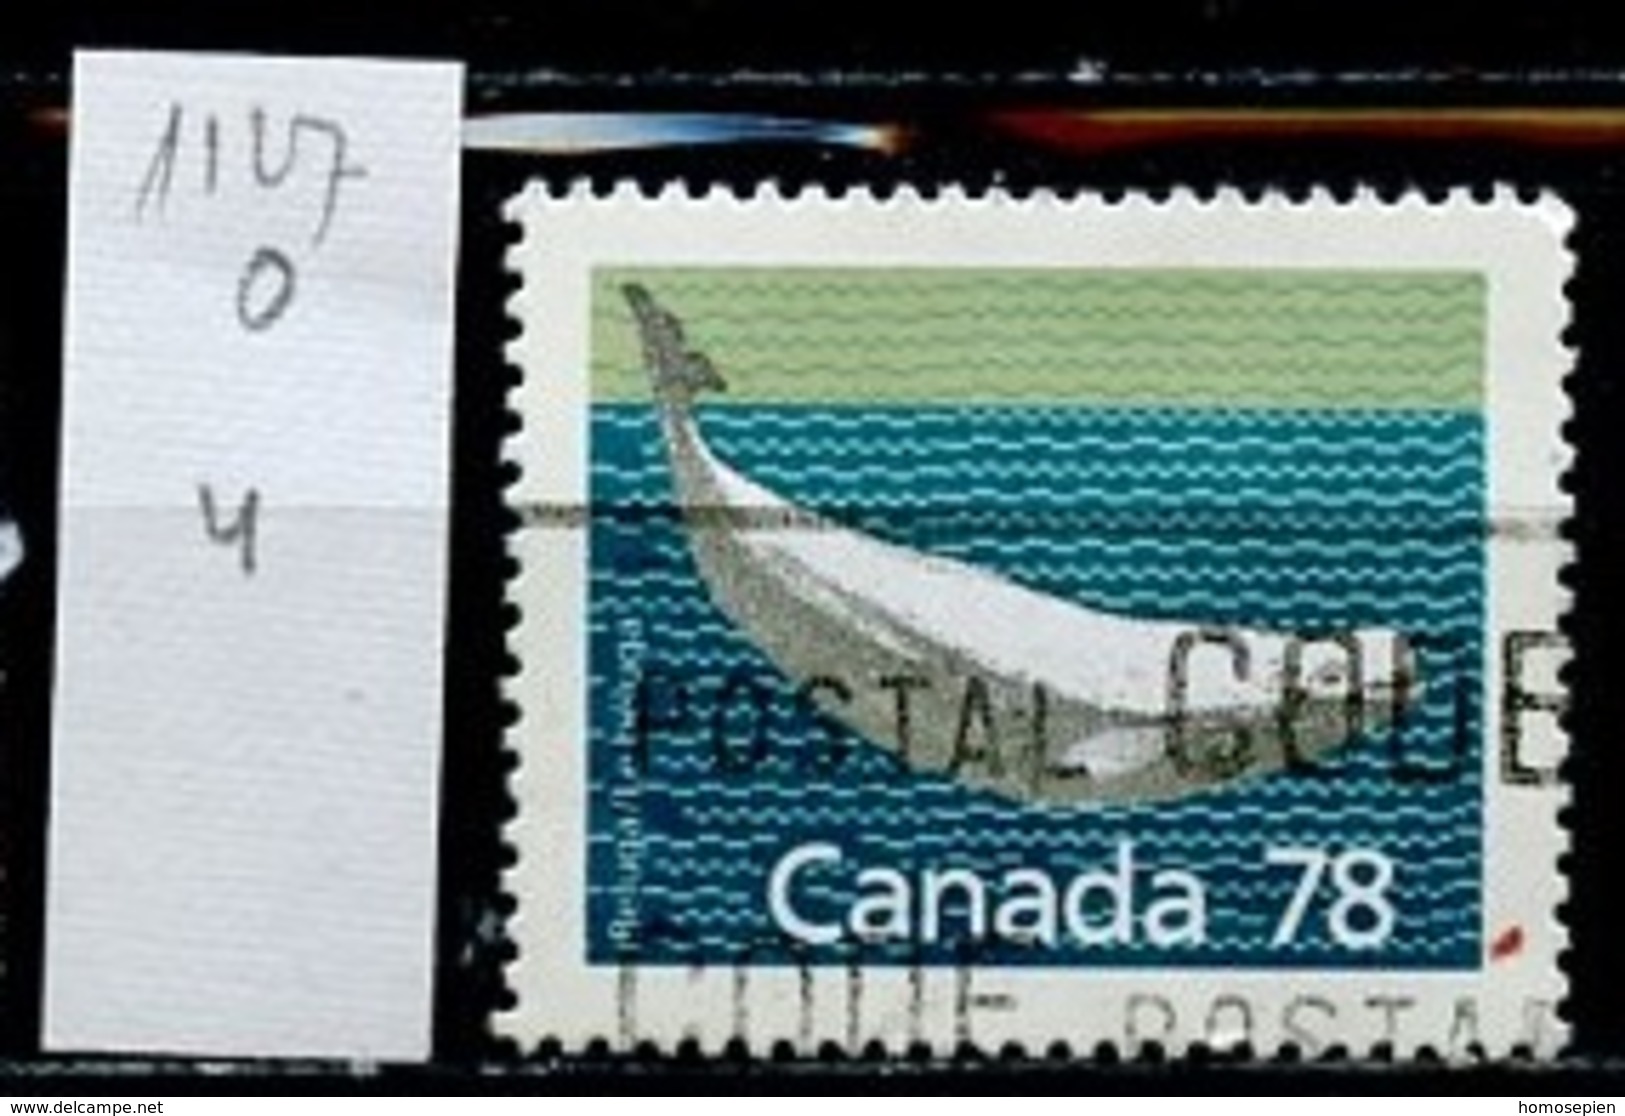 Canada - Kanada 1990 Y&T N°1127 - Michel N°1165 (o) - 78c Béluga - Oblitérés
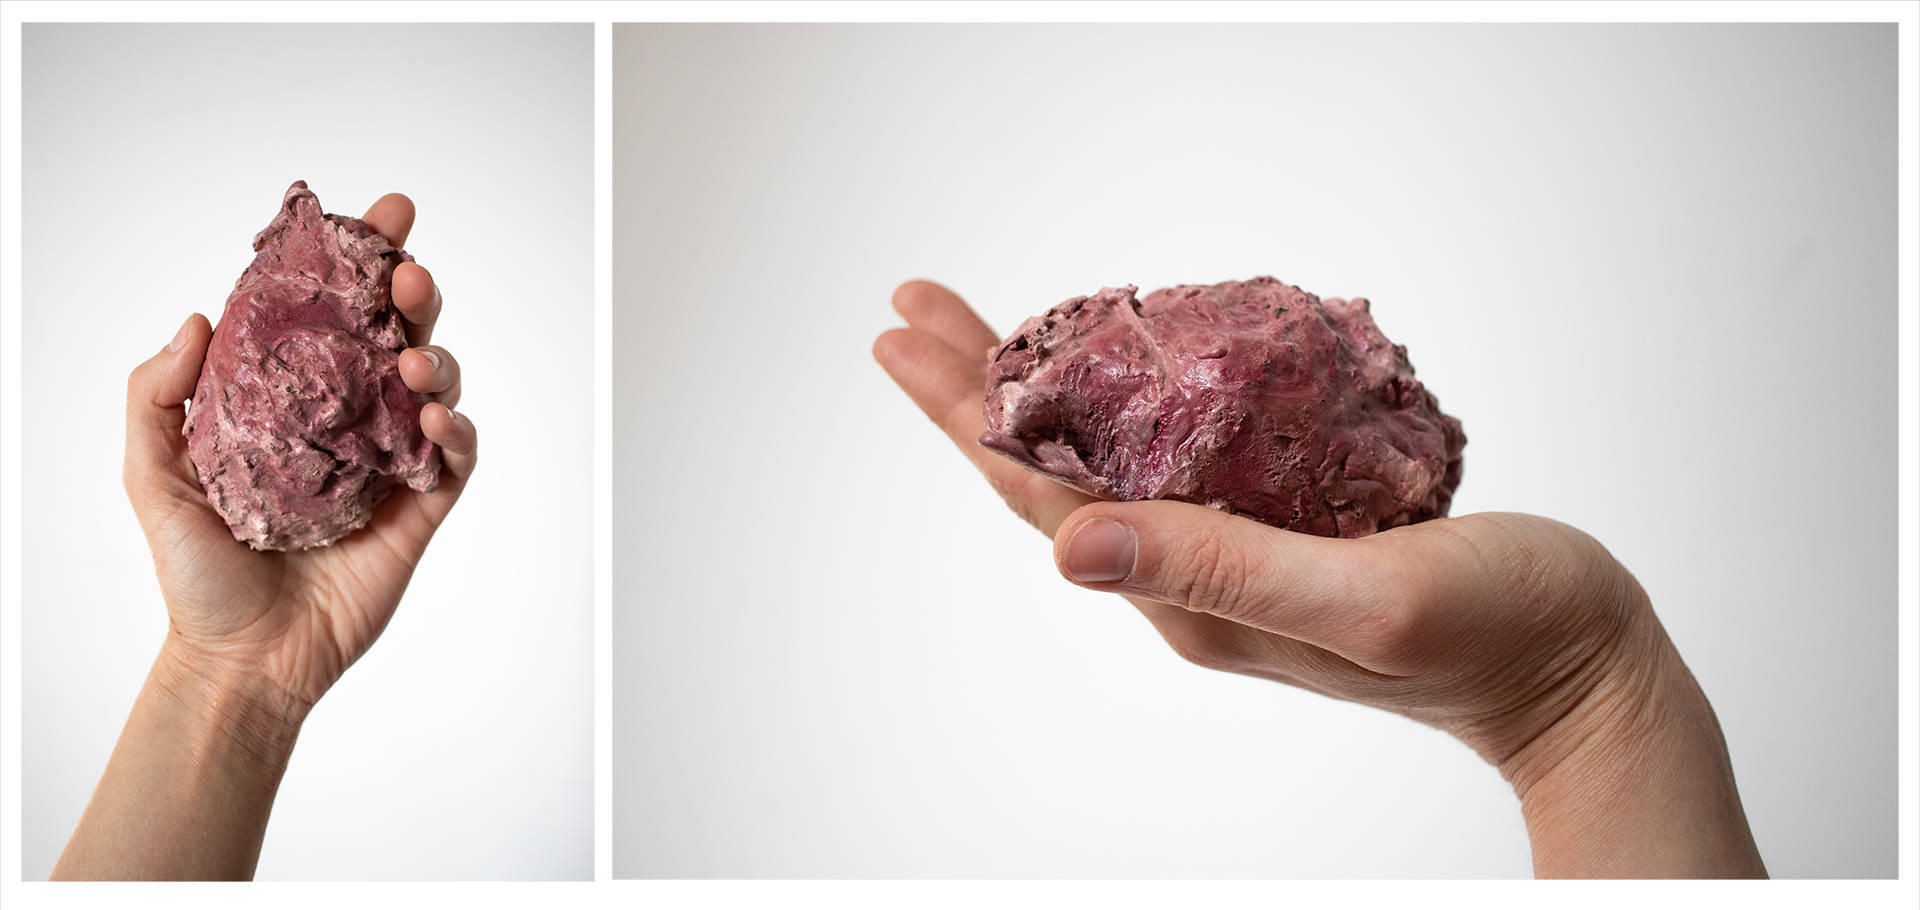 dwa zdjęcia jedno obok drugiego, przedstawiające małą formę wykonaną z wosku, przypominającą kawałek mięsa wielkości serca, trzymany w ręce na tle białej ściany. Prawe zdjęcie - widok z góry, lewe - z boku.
...
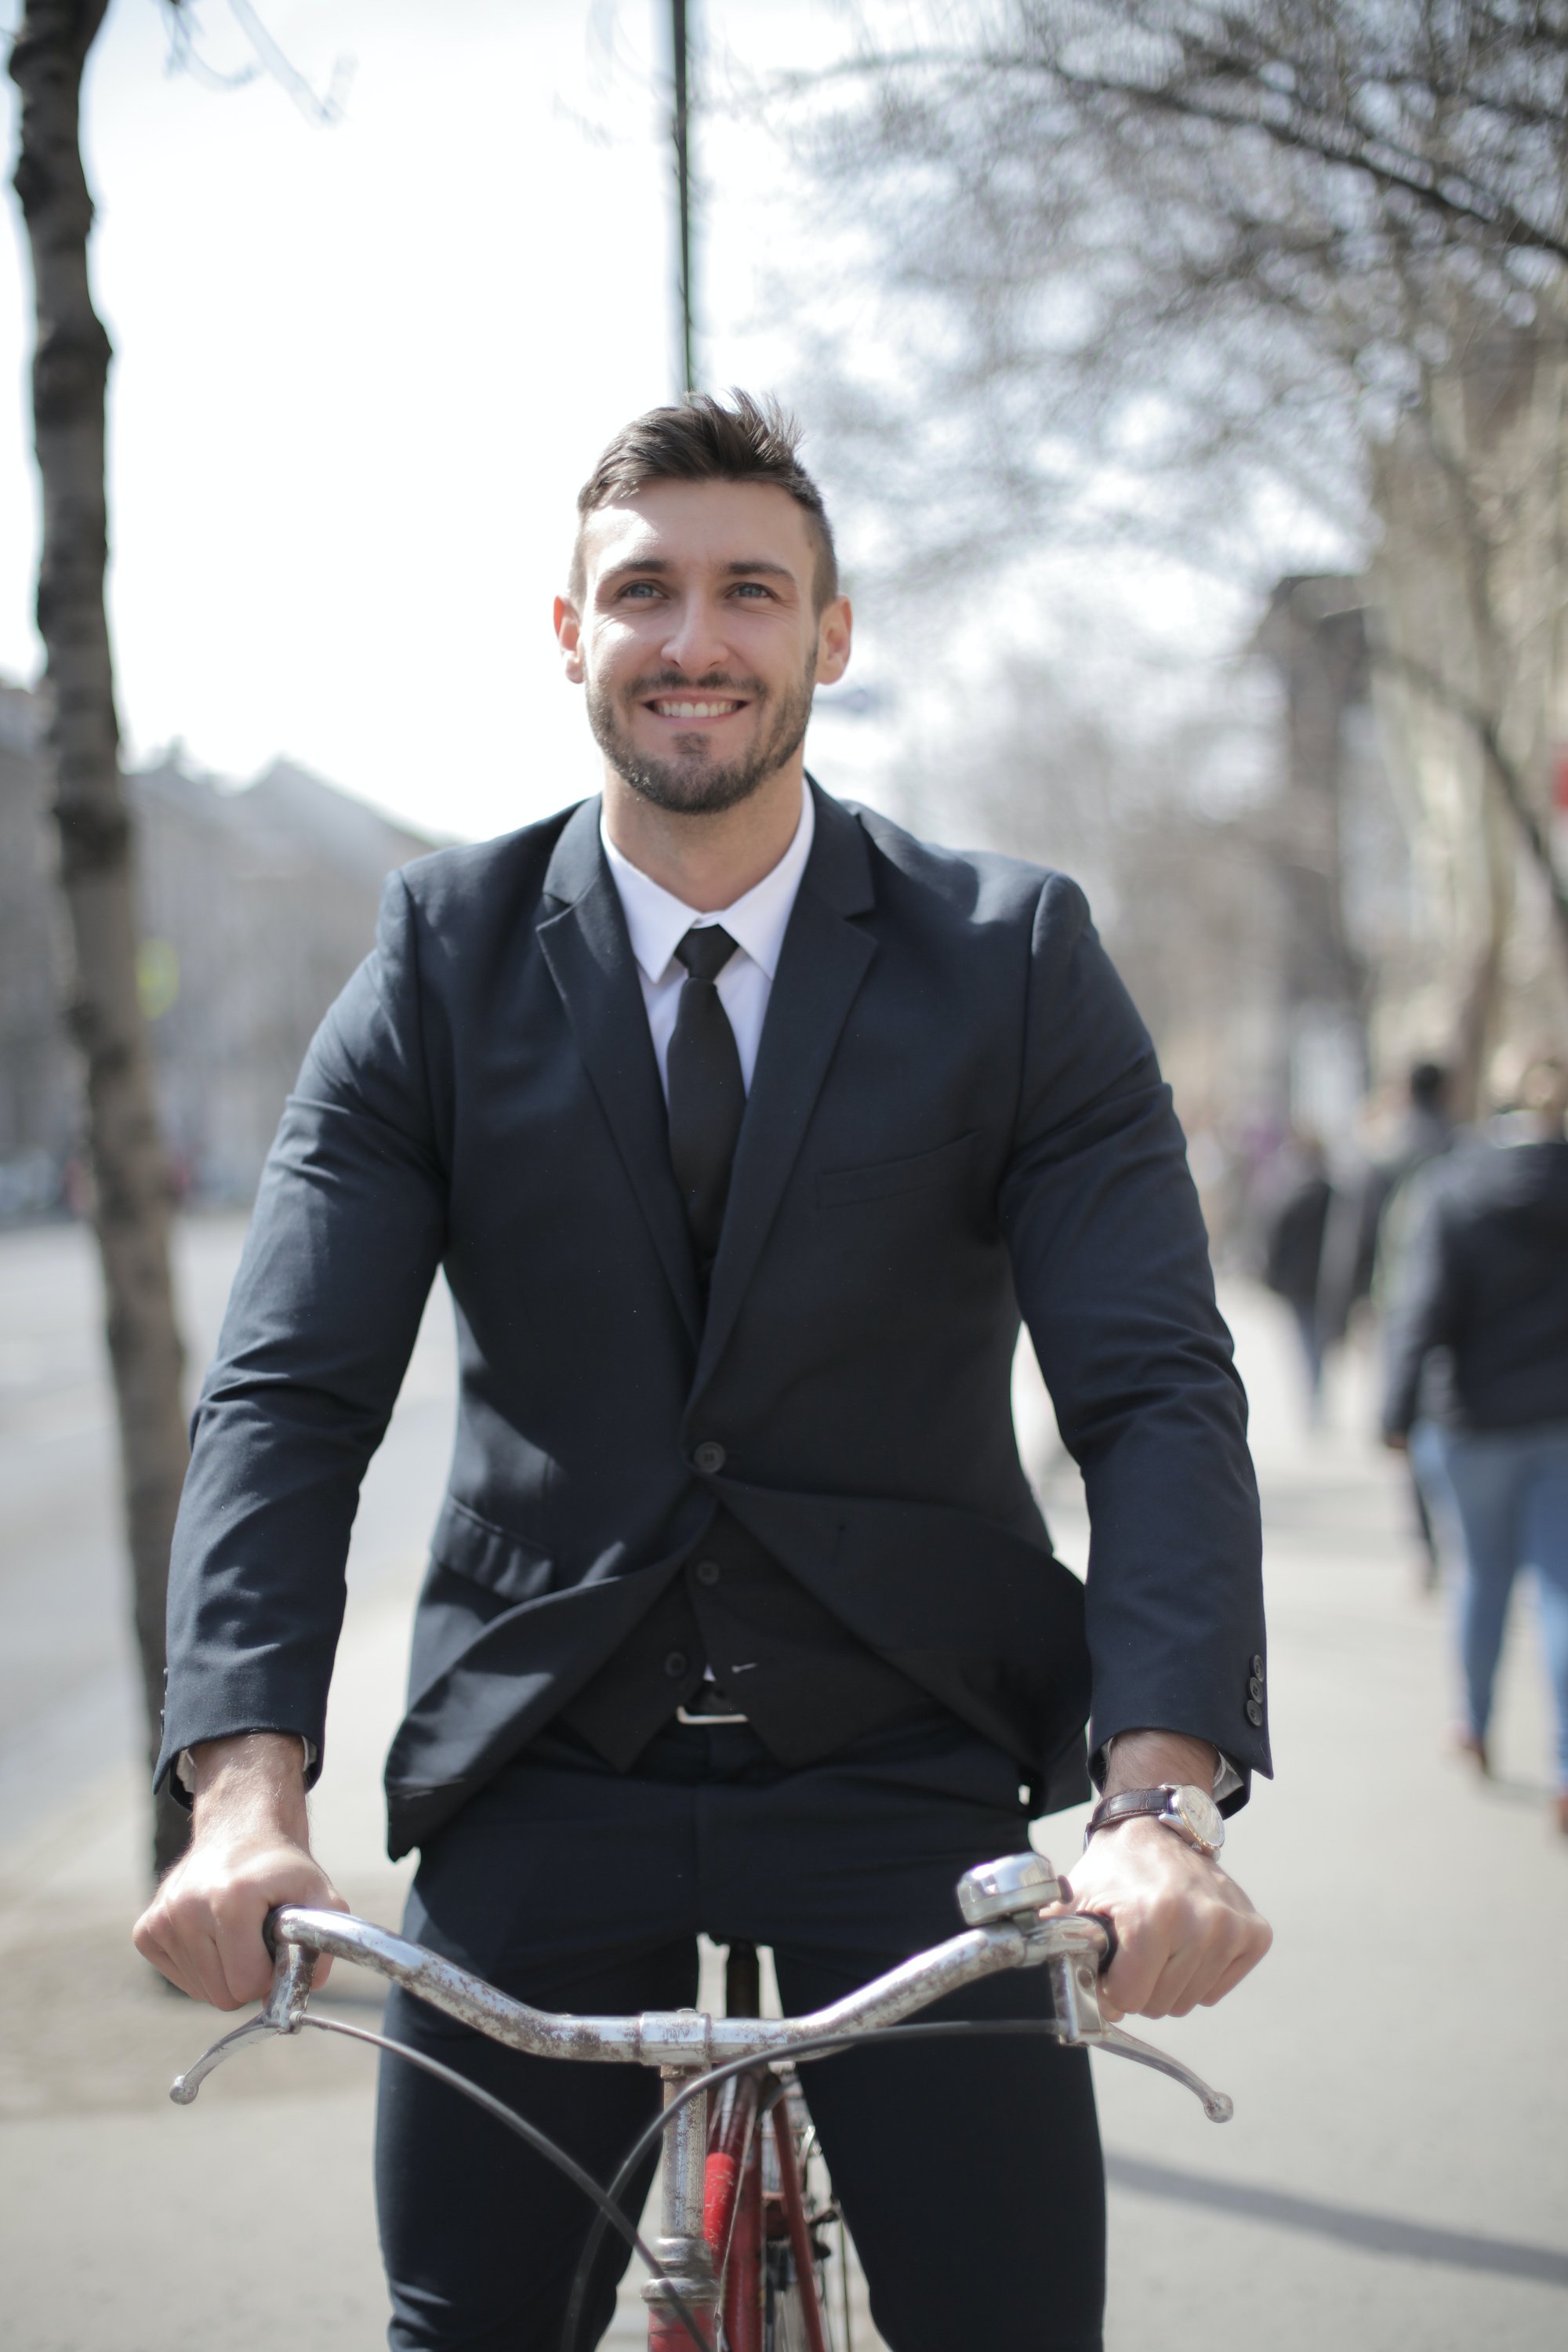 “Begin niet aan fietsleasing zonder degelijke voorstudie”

→ **ABOUT THIS EXERCISE**
Print nothing except the lines above from the one containing "Canada - Kanada" down to the one containing "dwa zdjęcia jedno", both included, exactly as written and free of pictures.

→ **PROBLEM SOLUTION**
 Canada - Kanada 1990 Y&T N°1127 - Michel N°1165 (o) - 78c Béluga - Oblitérés
 dwa zdjęcia jedno obok drugiego, przedstawiające małą formę wykonaną z wosku, przypominającą kawałek mięsa wielkości serca, trzymany w ręce na tle białej ściany. Prawe zdjęcie - widok z góry, lewe - z boku.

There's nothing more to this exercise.